13. The motion by &DependentCounsel& to withdraw is granted. &DependentCounsel& is recused. &InsCo& may not seize control of this action from &Client&. &InsCo&’s agreement to defend &Client& in this action obligates it to pay for ethical counsel who comply with Rule 3-310. &DependentCounsel& is hereby ordered to take all reasonable steps to protect the interests and confidentiality of &Client&.

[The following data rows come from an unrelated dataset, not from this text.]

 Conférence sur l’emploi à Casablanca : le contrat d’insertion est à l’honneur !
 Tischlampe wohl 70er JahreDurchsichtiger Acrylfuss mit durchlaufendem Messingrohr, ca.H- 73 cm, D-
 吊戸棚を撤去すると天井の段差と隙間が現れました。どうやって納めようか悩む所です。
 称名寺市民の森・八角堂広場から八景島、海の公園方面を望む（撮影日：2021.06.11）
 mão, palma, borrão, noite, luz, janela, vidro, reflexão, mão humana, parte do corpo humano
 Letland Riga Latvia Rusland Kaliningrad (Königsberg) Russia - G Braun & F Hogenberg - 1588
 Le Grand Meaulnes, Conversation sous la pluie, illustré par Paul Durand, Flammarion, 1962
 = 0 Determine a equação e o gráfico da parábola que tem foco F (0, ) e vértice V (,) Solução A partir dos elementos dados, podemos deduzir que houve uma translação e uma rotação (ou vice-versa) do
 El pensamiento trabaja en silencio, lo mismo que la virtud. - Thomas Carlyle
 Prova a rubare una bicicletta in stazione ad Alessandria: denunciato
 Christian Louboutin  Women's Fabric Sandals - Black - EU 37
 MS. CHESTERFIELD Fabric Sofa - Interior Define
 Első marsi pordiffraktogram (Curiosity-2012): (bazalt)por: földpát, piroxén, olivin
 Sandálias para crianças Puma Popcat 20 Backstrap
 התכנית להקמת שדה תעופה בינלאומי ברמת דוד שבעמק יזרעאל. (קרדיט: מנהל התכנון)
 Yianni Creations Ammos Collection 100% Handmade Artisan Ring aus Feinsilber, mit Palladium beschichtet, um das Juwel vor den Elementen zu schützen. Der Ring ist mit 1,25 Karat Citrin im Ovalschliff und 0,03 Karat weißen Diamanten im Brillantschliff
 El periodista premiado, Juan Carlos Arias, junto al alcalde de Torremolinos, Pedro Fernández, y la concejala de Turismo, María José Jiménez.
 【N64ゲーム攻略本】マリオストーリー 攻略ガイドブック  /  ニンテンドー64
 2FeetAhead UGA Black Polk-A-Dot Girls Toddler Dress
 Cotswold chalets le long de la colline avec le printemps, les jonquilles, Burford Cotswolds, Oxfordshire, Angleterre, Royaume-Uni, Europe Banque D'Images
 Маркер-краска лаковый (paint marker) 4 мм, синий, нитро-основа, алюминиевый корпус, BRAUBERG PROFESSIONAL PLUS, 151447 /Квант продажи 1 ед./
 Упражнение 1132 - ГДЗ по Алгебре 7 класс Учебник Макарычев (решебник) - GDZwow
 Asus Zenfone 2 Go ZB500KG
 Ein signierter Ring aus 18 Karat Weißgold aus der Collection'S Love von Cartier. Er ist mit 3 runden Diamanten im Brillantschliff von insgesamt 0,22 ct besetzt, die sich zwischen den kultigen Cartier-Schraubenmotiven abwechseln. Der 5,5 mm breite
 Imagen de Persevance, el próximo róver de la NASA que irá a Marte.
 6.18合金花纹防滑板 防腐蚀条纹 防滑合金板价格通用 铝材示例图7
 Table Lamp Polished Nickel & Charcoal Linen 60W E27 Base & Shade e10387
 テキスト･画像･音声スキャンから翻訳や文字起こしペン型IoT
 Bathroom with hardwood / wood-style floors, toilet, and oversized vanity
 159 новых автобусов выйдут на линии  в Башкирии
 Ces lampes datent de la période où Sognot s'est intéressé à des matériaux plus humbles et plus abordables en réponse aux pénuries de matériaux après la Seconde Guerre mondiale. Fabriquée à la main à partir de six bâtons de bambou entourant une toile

14. Service of papers in this matter shall be made upon &Client& at Address, Telephone, Fax, until further notice by &Client& or this court.
IT IS SO ORDERED.
______________________
Judge of the Superior Court
[1] The succinct phrase “dependent counsel” describes the counterpart to “independent counsel.” This moniker acknowledges that “[a]s a practical matter . . . in reality, the insurer’s attorneys may have closer ties with the insurer and a more compelling interest in protecting the insurer’s position, whether or not it coincides with what is best for the insured” (Purdy v. Pacific Automobile Ins. Co.(1984) 157 Cal.App.3d 59, 76), “[i]nsurance companies hire relatively few lawyers and concentrate their business. A lawyer who does not look out for the Carrier’s best interest might soon find himself out of work.” (San Diego Navy Fed. Credit Union v. Cumis Ins. Society, Inc. (1984) 162 Cal.App.3d 358, 364), and “defense counsel and the insurer frequently have a longstanding, if not collegial, relationship” (Gulf Ins. Co. v. Berger, Kahn, Shafton, Moss, Figler, Simon & Gladstone (2000) 79 Cal.App.4th 114, 131). “In California, an attorney may usually, under minimum standards of professional ethics, represent dual interests as long as full consent and full disclosure occur.” (Lysick v. Walcom (1968) 258 Cal.App.2d 136, 147; See, also Ishmael v. Millington (1966) 241 Cal.App.2d 520, 528; Industrial Indem. Co. v. Great American Ins. Co. (1977) 73 Cal.App. 3d 529, 537.)